◆ Recorded information ◆
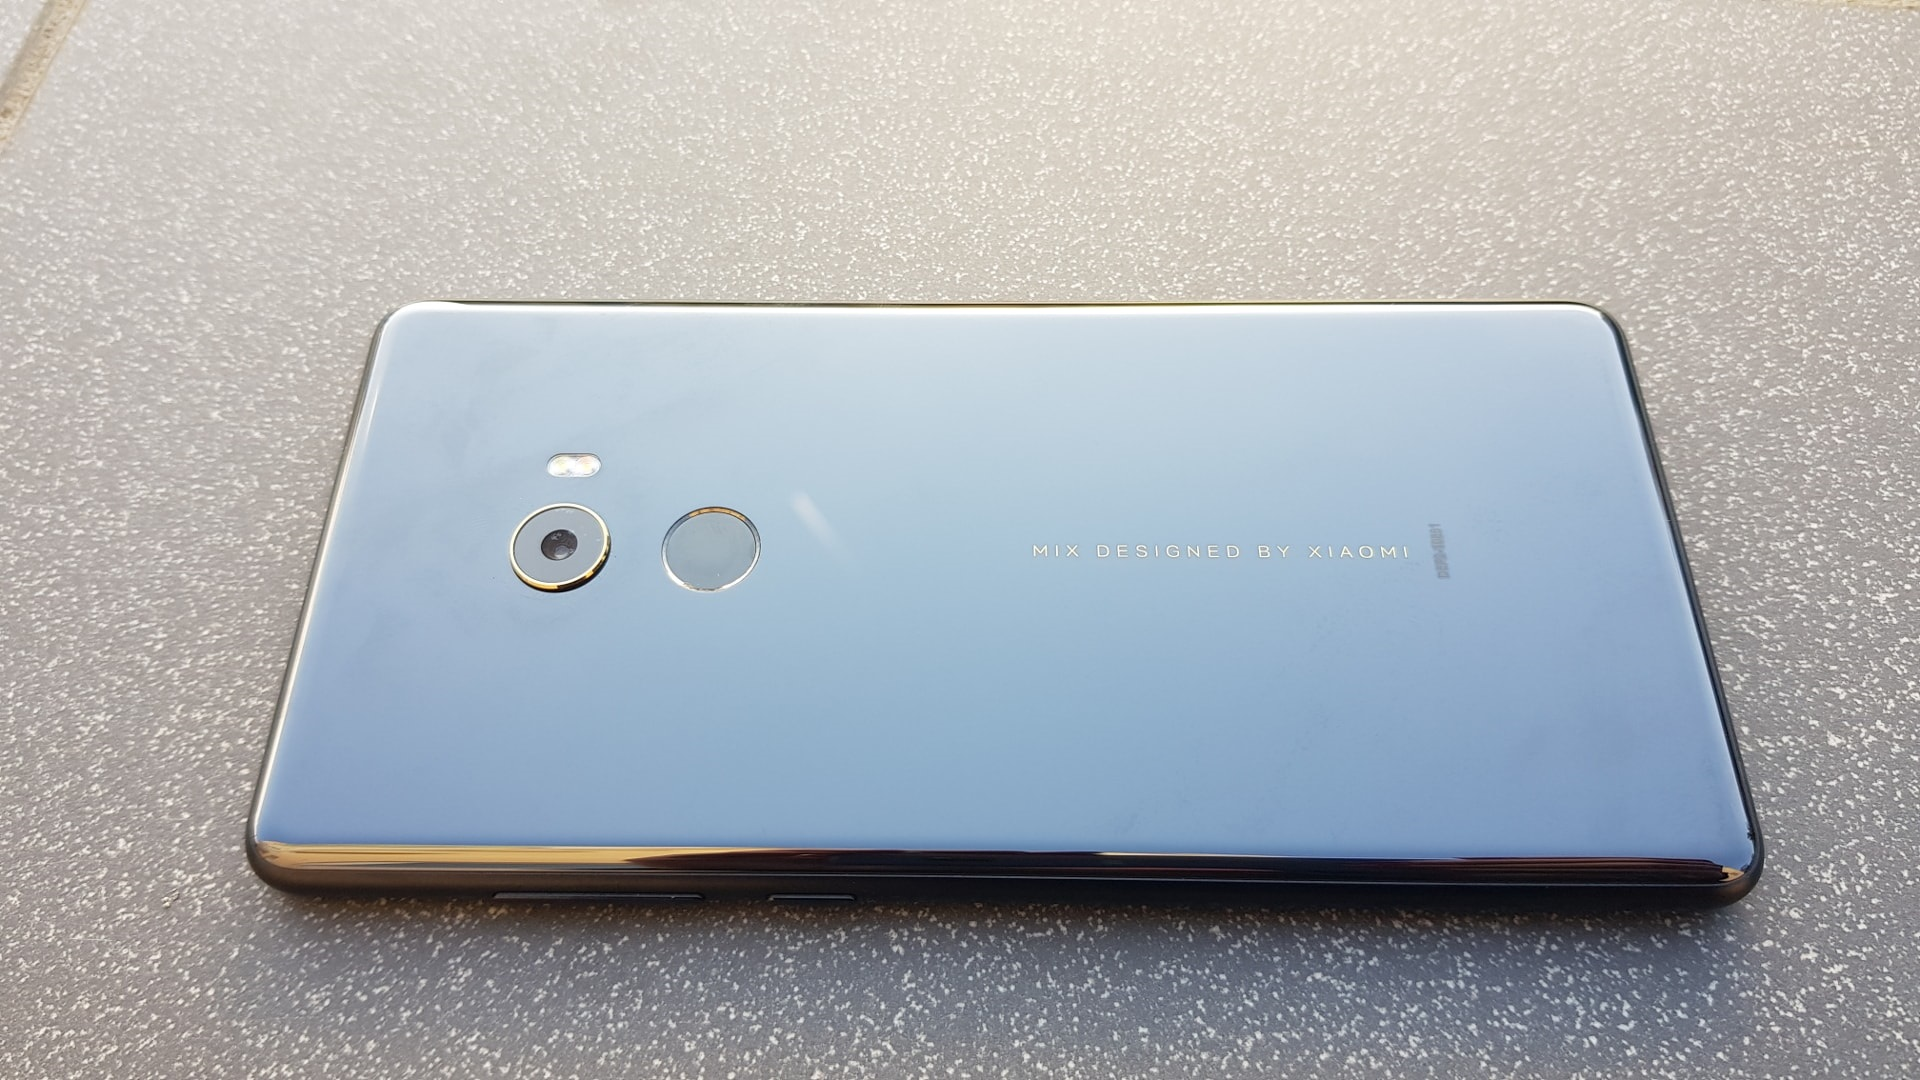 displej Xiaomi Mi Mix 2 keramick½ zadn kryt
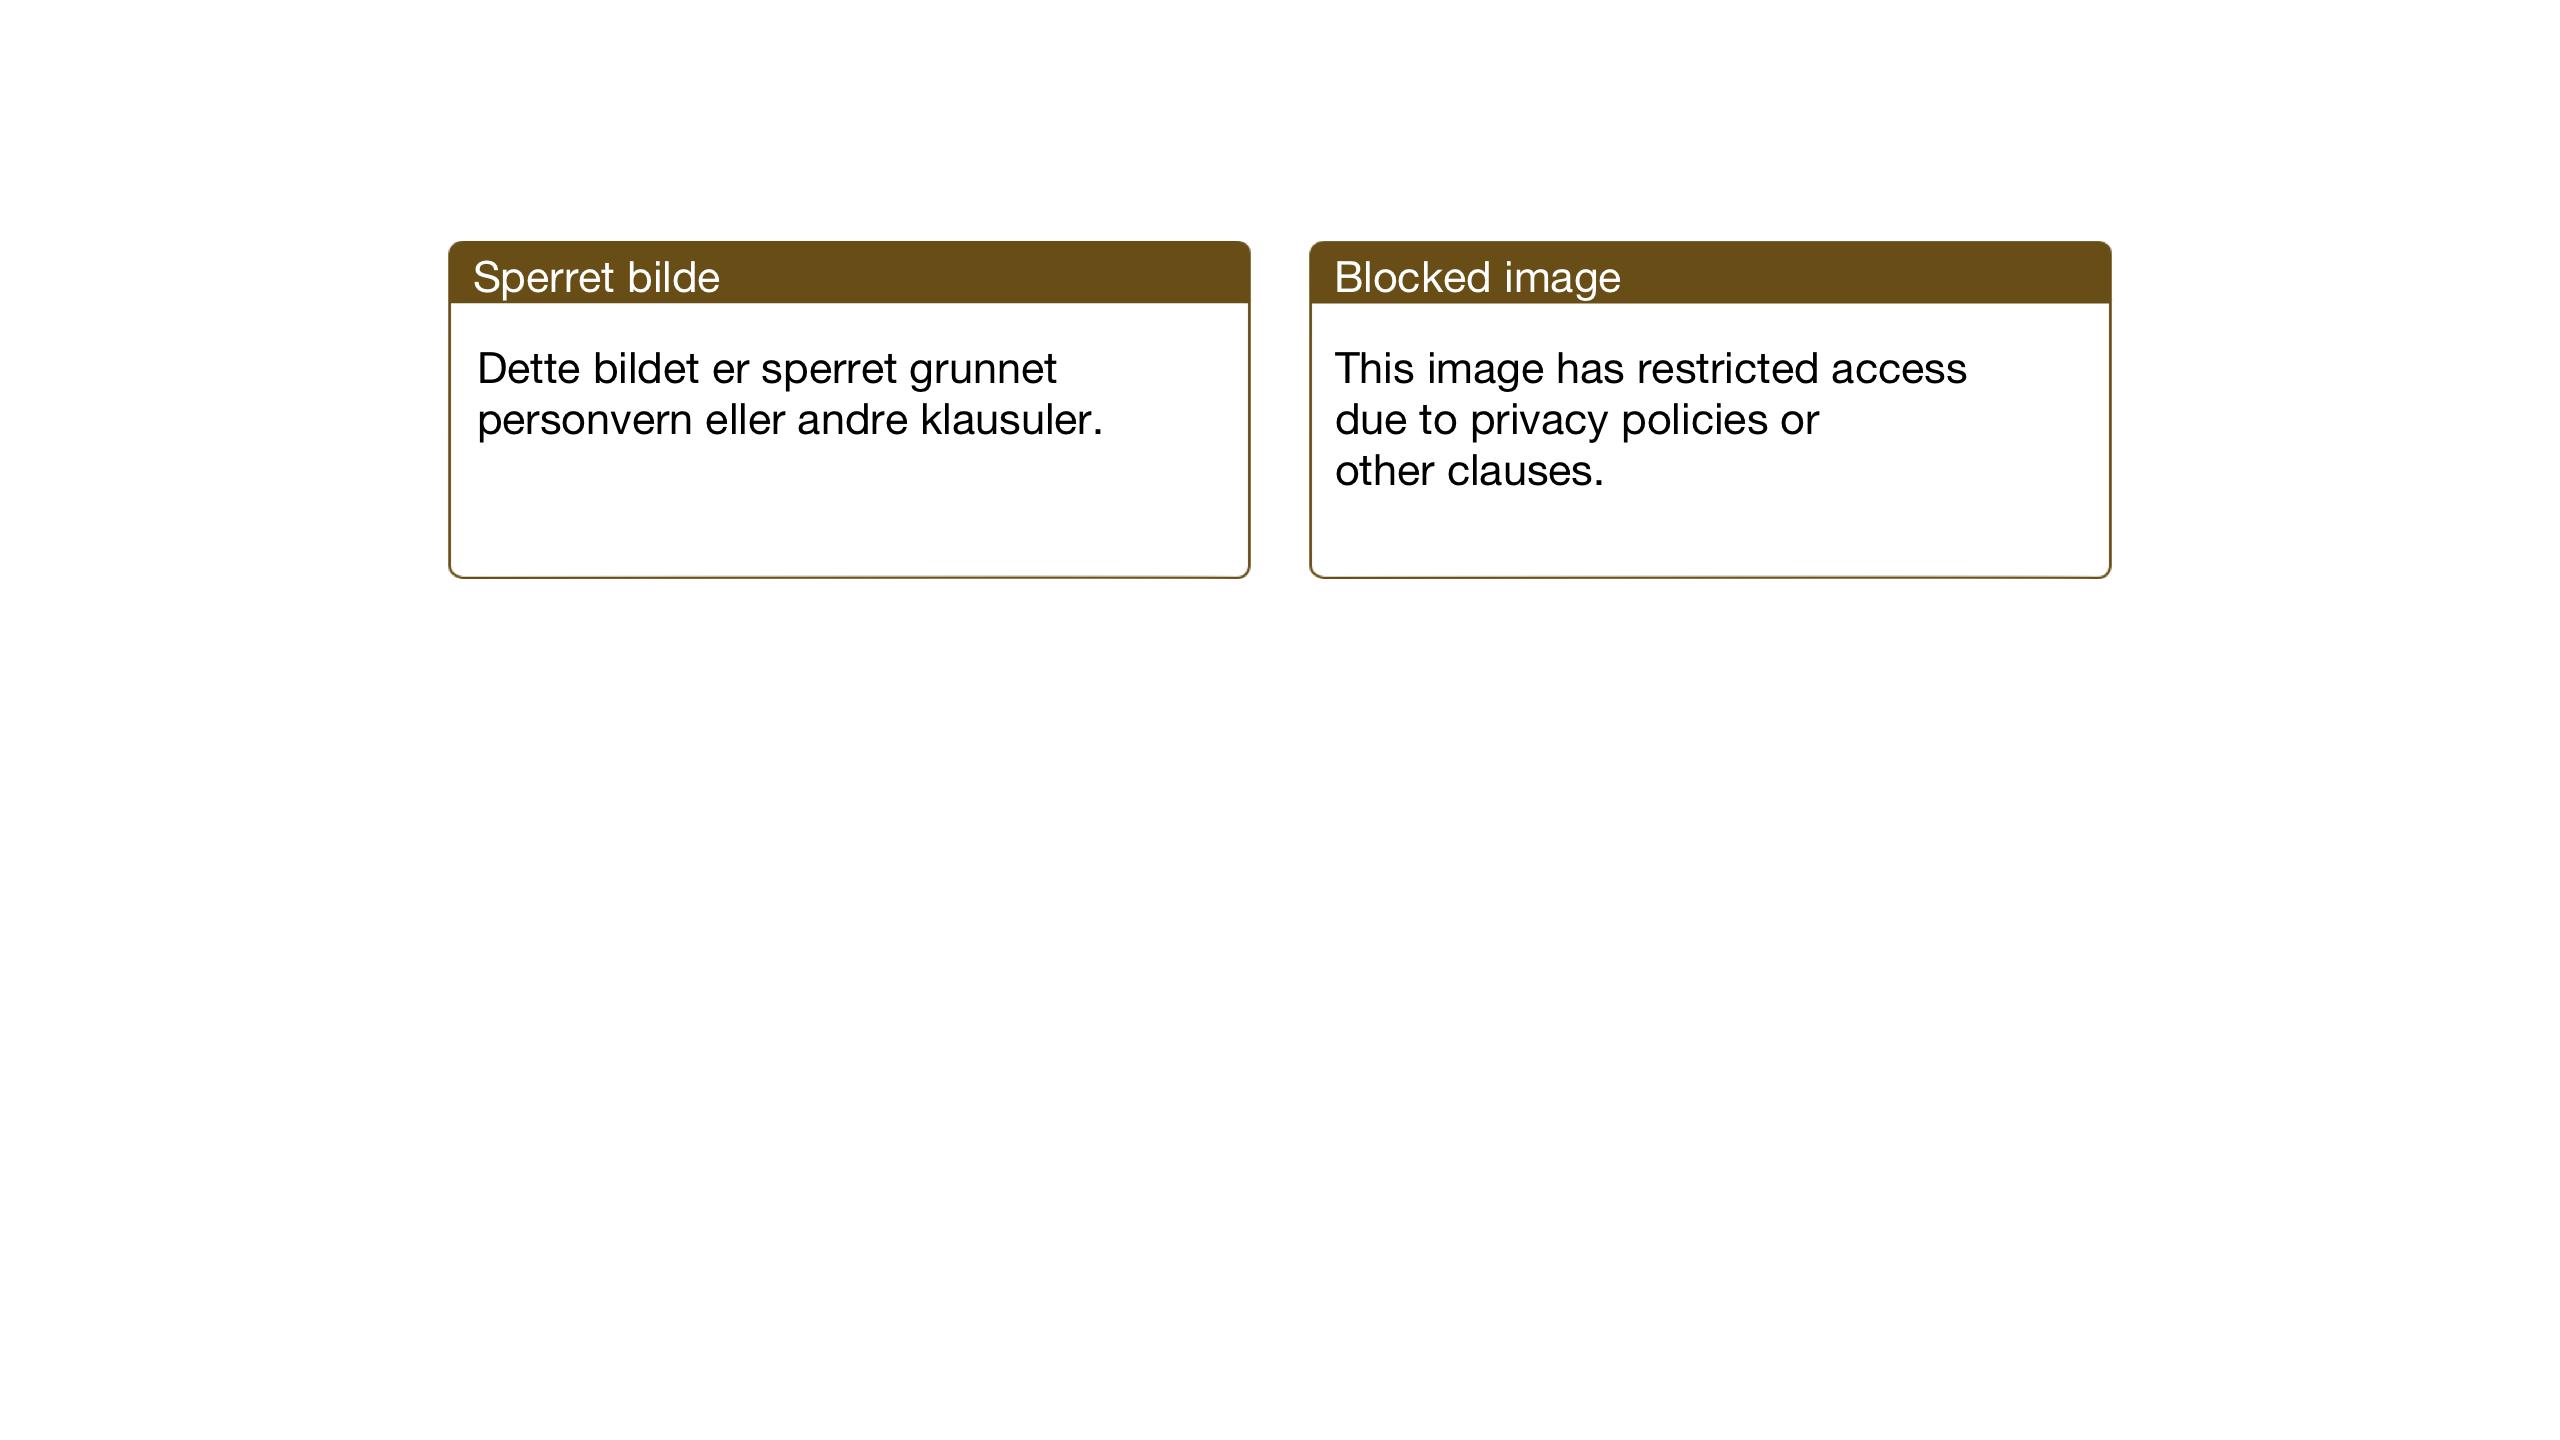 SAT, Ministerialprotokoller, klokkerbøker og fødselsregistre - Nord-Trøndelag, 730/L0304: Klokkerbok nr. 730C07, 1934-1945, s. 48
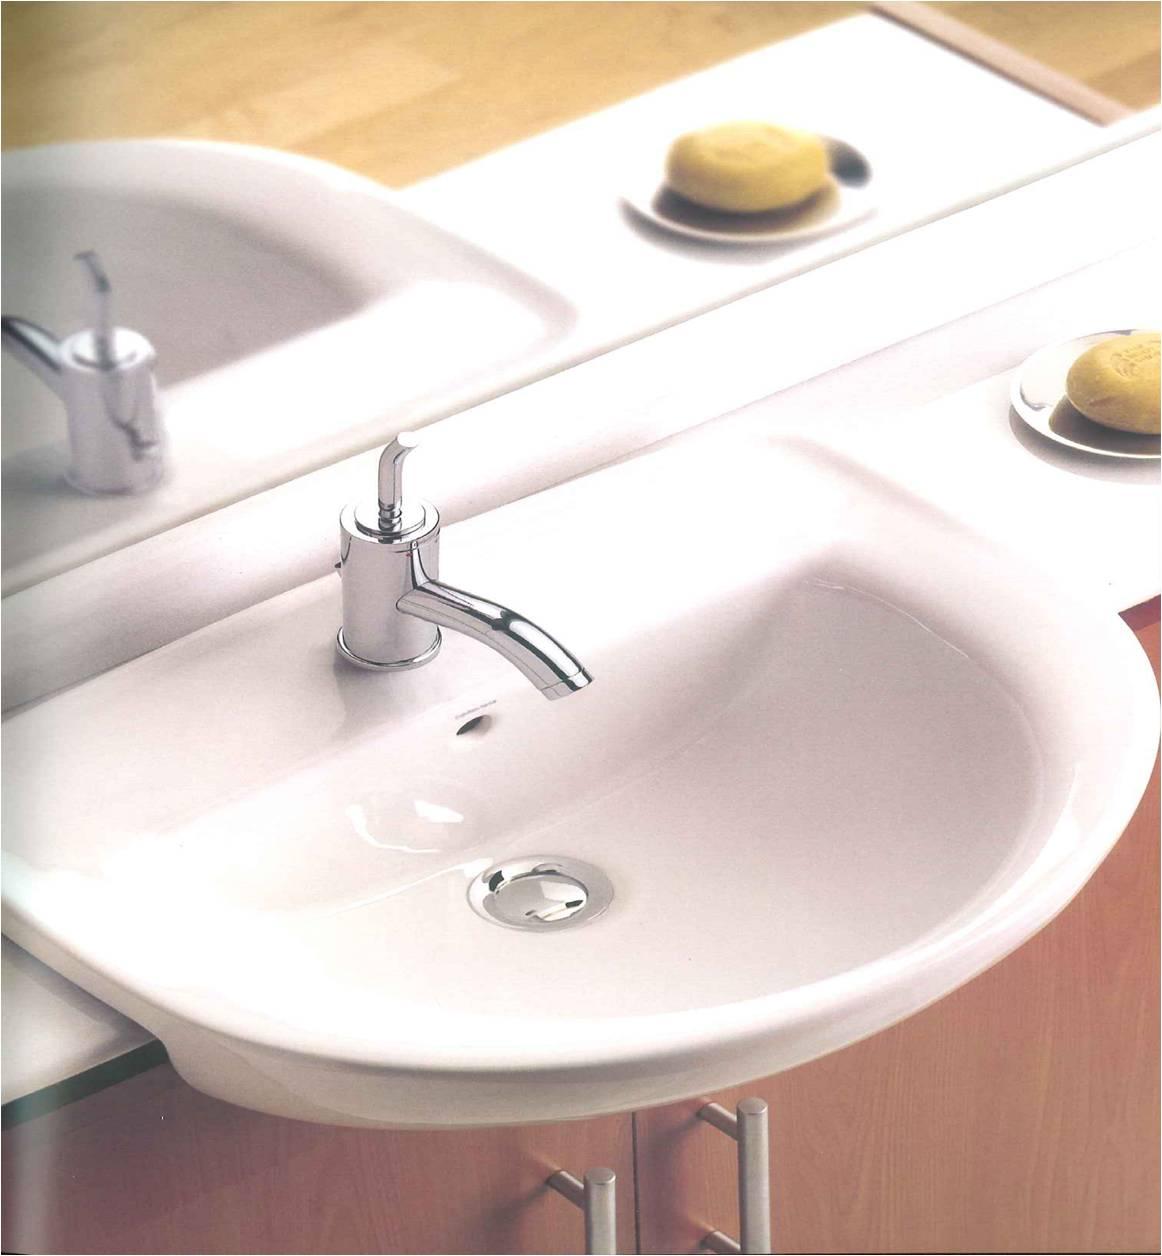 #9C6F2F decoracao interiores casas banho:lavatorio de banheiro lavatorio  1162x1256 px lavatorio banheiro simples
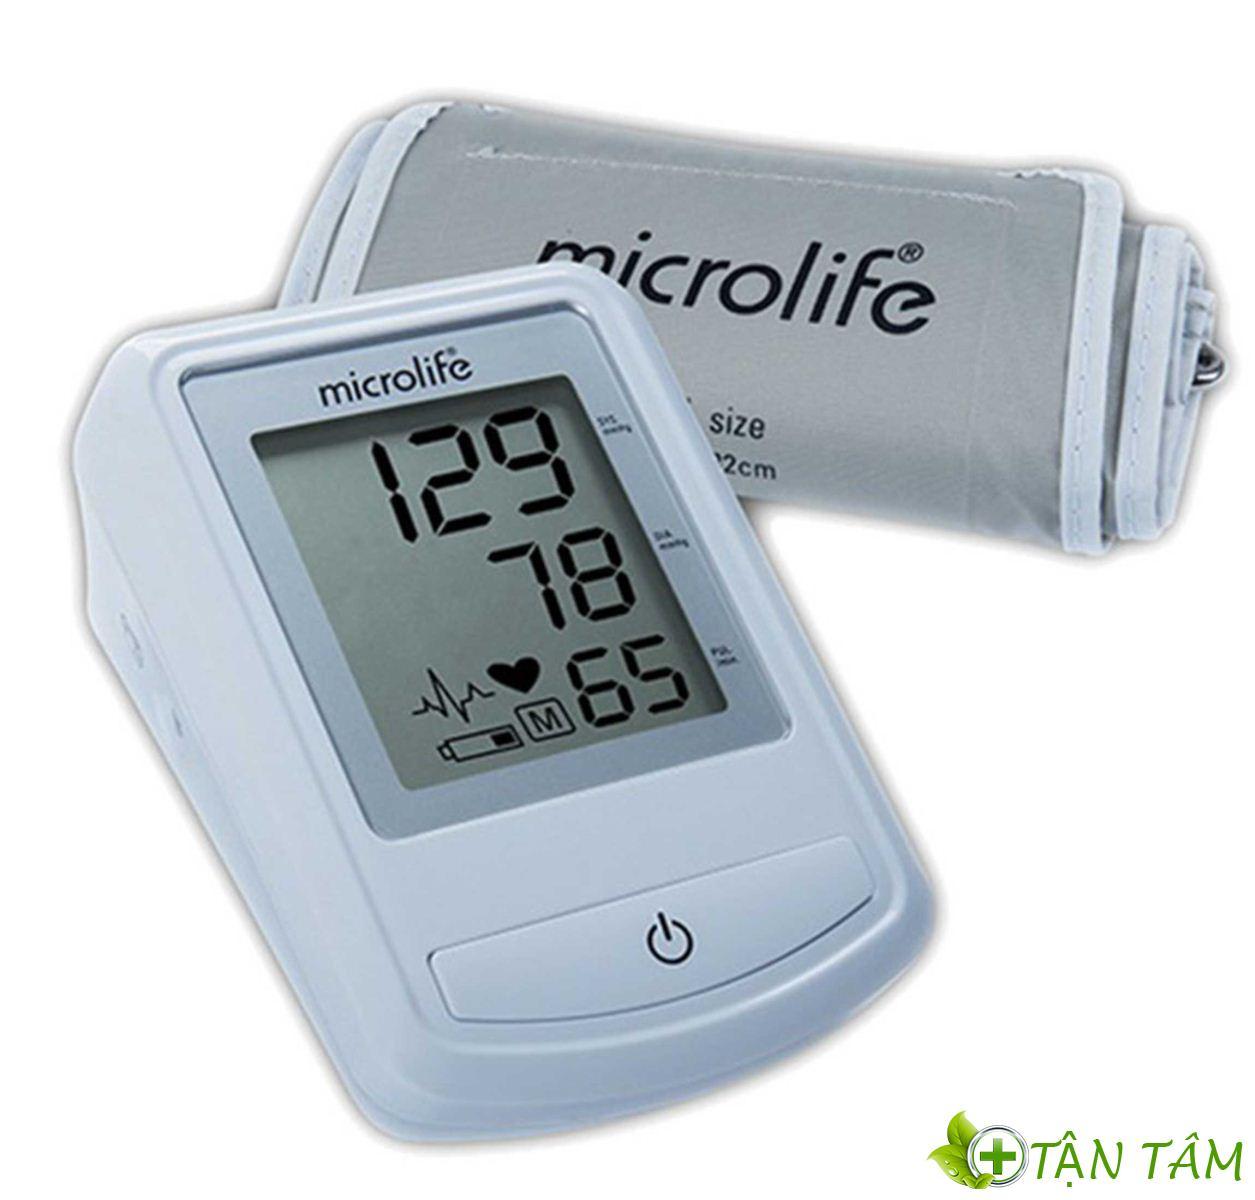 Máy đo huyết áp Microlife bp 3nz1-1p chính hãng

◆ Problem ◆
Word for word, output the lines from the beginning of the listing through the line holding "SAT, Ministerialprotokoller, klokkerbøker" and nothing beyond them. Omit the pictures.

◆ Your solution ◆
 displej Xiaomi Mi Mix 2 keramick½ zadn kryt
 SAT, Ministerialprotokoller, klokkerbøker og fødselsregistre - Nord-Trøndelag, 730/L0304: Klokkerbok nr. 730C07, 1934-1945, s. 48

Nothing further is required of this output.